CVPR 2023 Hybrid Tutorial: All Things ViTs之DINO attention map

news2025/4/8 3:17:14

All Things ViTs系列讲座从ViT视觉模型注意力机制出发,本文给出DINO attention map可视化部分阅读学习体会.

课程视频与课件: https://all-things-vits.github.io/atv/
代码:https://colab.research.google.com/github/all-things-vits/code-samples/blob/main/probing/dino_attention_maps.ipynb
文献: Emerging Properties in Self-Supervised Vision Transformers

1. 总述

这部分代码实际与CVPR 2023 Hybrid Tutorial: All Things ViTs之mean attention distance (MAD)比较类似.Emerging Properties in Self-Supervised Vision Transformers这篇论文主要想论述采用DINO(self-distillation with no labels)的训练方式可以达到类似监督学习的训练效果,因此通过可视化注意力机制图的方式来说明DINO学习方法是学到了需要的知识.这部分代码的核心是可视化最后一个block中CLS token与其他图像patch token之间的注意力图.即展示每个patch与CLS之间的关联性,如Fig 1:
在这里插入图片描述
Fig 1 DINO attention map

2.关键代码

def get_attention_scores(image: Image, model: torch.nn.Module, processor):
    """Extracts attention scores given an image, a model,
    and its processor."""
    inputs = processor(image, return_tensors="pt")
    with torch.no_grad():
        outputs = model(**inputs, output_attentions=True)
    return outputs.attentions # [[1, 12, 197, 197]*12]

这部分代码将图像输入ViT网络,并得到输出的每个head的注意力分数(outputs.attentions).outputs.attentions是一个tuple,其中包括12个维度为[1, 12, 197, 197]的tensor.这个tensor可理解如下,其中12为head的数量,197是token的数量.197*197表示每个token之间的注意力分数.

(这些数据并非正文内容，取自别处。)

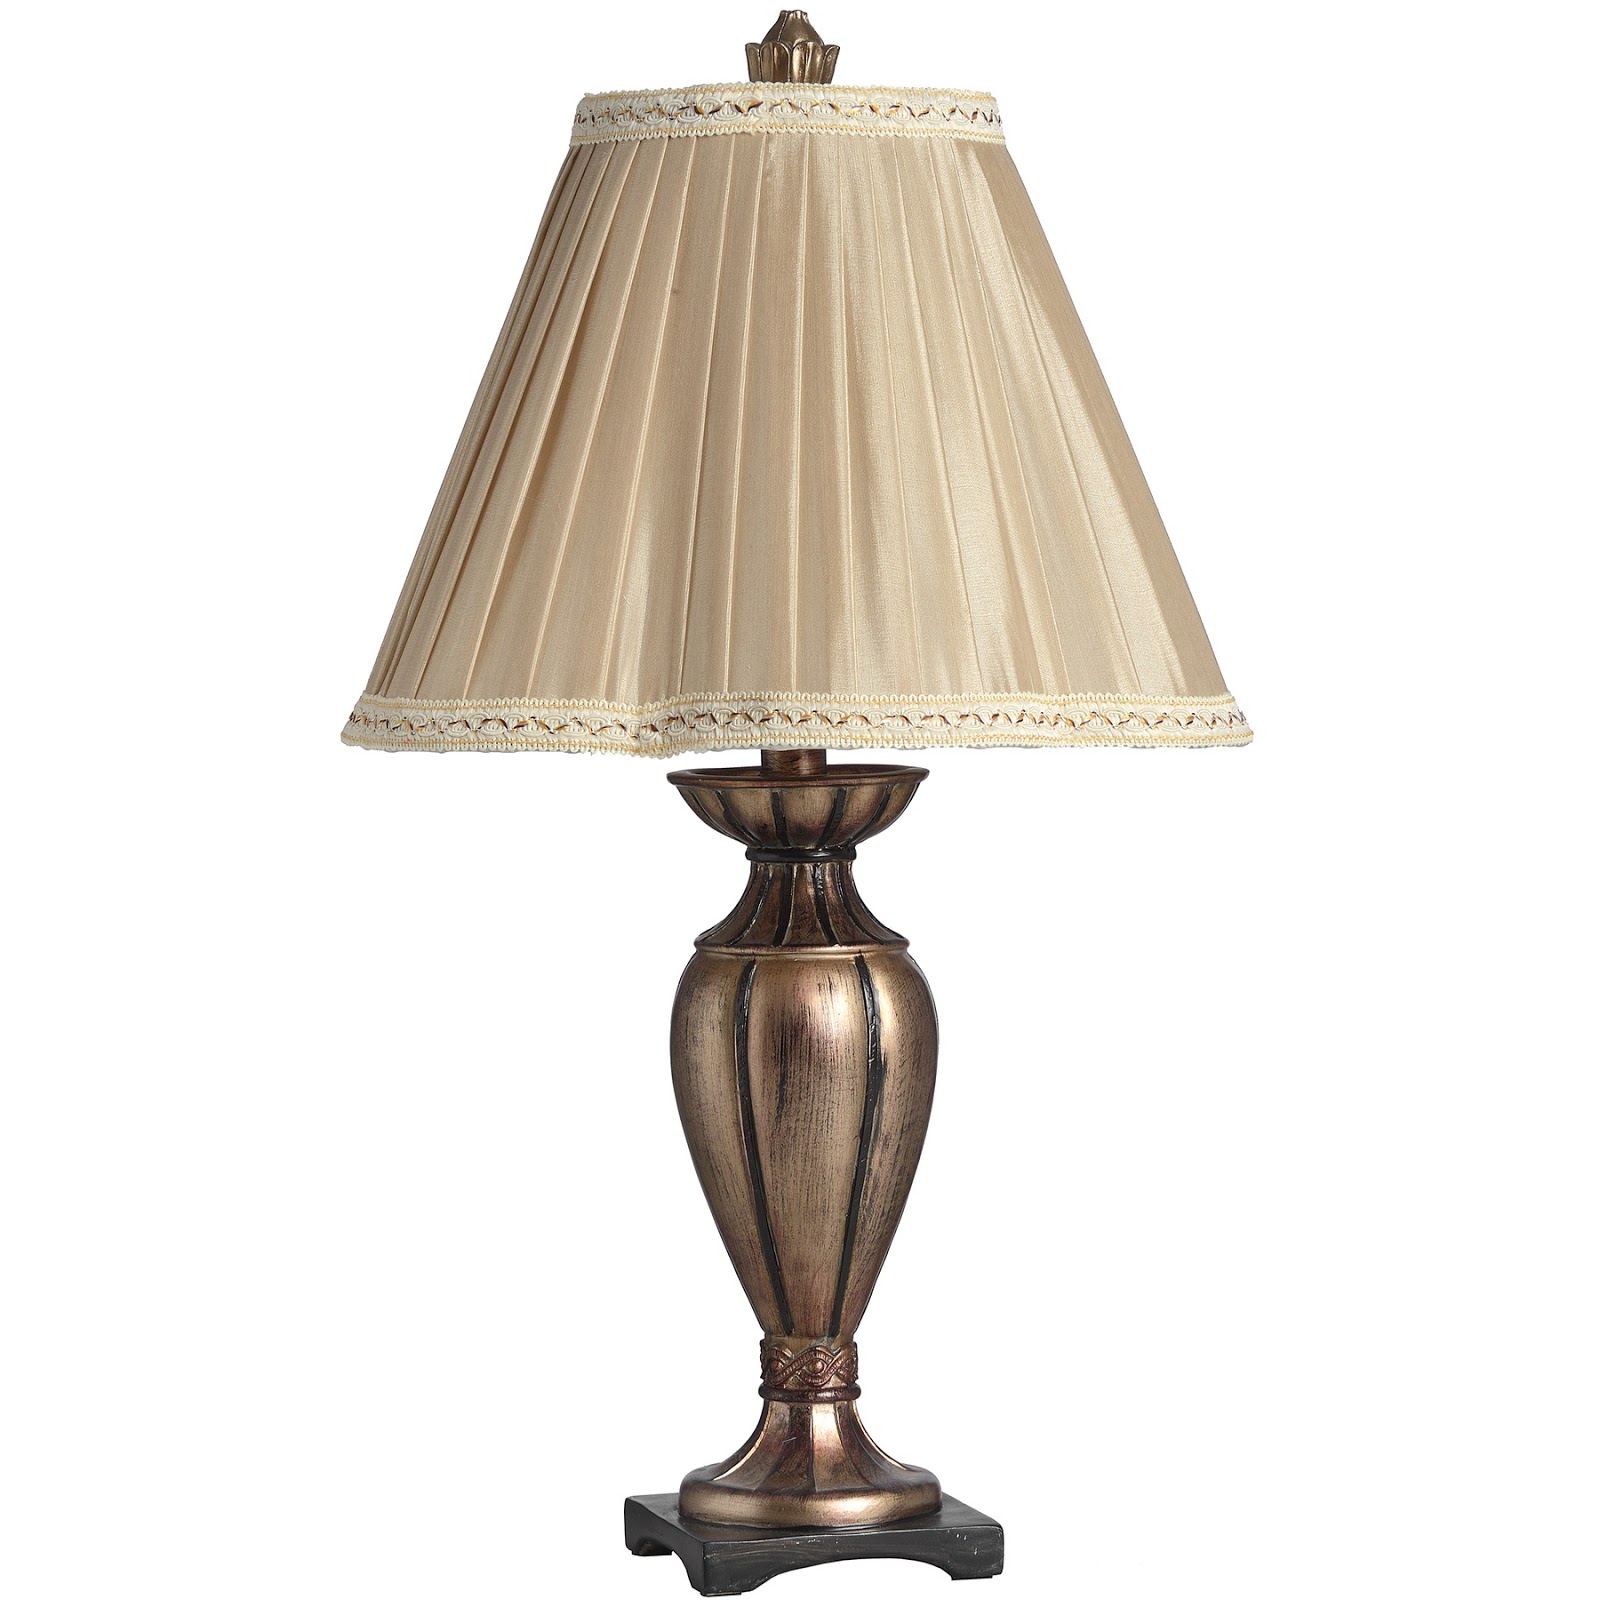 Discounted Bedside Lamps For Sale in UK

def process_attention_map(
    image: torch.Tensor, attention_scores, block_id=11, patch_size=16
):
    """
    Processes the attention scores such that they can be overlaid on the input image.

    Args:
        image (torch.Tensor): The input image tensor.
        attention_scores (Tuple[torch.Tensor]): Tuple of attention scores.
        block_id (int, optional): The block ID. Default is 11. 11 is the last
            transformer block for a DINO base model.
        patch_size (int, optional): The size of the patches. Default is 16.

    Returns:
        numpy.ndarray: The processed attention map as a NumPy array.
    """
    height, width = image.shape[2:]
    w_featmap = width // patch_size
    h_featmap = height // patch_size

    num_heads = attention_scores[block_id].shape[1]  # Number of attention heads. 12

    # Taking the representations from CLS token.
    attentions = attention_scores[block_id][0, :, 0, 1:].reshape(num_heads, -1)# only visual cls tokens of each head
    print(attentions.shape) # [12, 196], 196 is the number of patches(tokens), 12 is the number of heads, attention of cls token to each patch in one head

    # Reshape the attention scores to resemble mini patches.
    attentions = attentions.reshape(num_heads, w_featmap, h_featmap) # [12, 14, 14]
    print(attentions.shape)

    # Resize the attention patches to 224x224 (224: 14x16)
    attentions = F.resize(
        attentions, size=(h_featmap * patch_size, w_featmap * patch_size)
    )
    return attentions.numpy()